TASK: What do the lines say from the start of the entries through the one containing "Сайлентблок рычага подвески"? Repeat them exactly.

RECORDS PROVIDED:

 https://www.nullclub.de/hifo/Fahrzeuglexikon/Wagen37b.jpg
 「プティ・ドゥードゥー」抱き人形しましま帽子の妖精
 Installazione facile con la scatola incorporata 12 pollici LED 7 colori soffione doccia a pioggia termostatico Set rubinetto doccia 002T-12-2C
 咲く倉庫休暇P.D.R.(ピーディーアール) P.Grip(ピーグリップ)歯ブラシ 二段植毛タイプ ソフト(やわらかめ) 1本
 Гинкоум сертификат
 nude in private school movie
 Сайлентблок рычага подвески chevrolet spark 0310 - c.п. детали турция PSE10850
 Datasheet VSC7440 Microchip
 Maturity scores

OUTPUT BELOW:
 https://www.nullclub.de/hifo/Fahrzeuglexikon/Wagen37b.jpg
 「プティ・ドゥードゥー」抱き人形しましま帽子の妖精
 Installazione facile con la scatola incorporata 12 pollici LED 7 colori soffione doccia a pioggia termostatico Set rubinetto doccia 002T-12-2C
 咲く倉庫休暇P.D.R.(ピーディーアール) P.Grip(ピーグリップ)歯ブラシ 二段植毛タイプ ソフト(やわらかめ) 1本
 Гинкоум сертификат
 nude in private school movie
 Сайлентблок рычага подвески chevrolet spark 0310 - c.п. детали турция PSE10850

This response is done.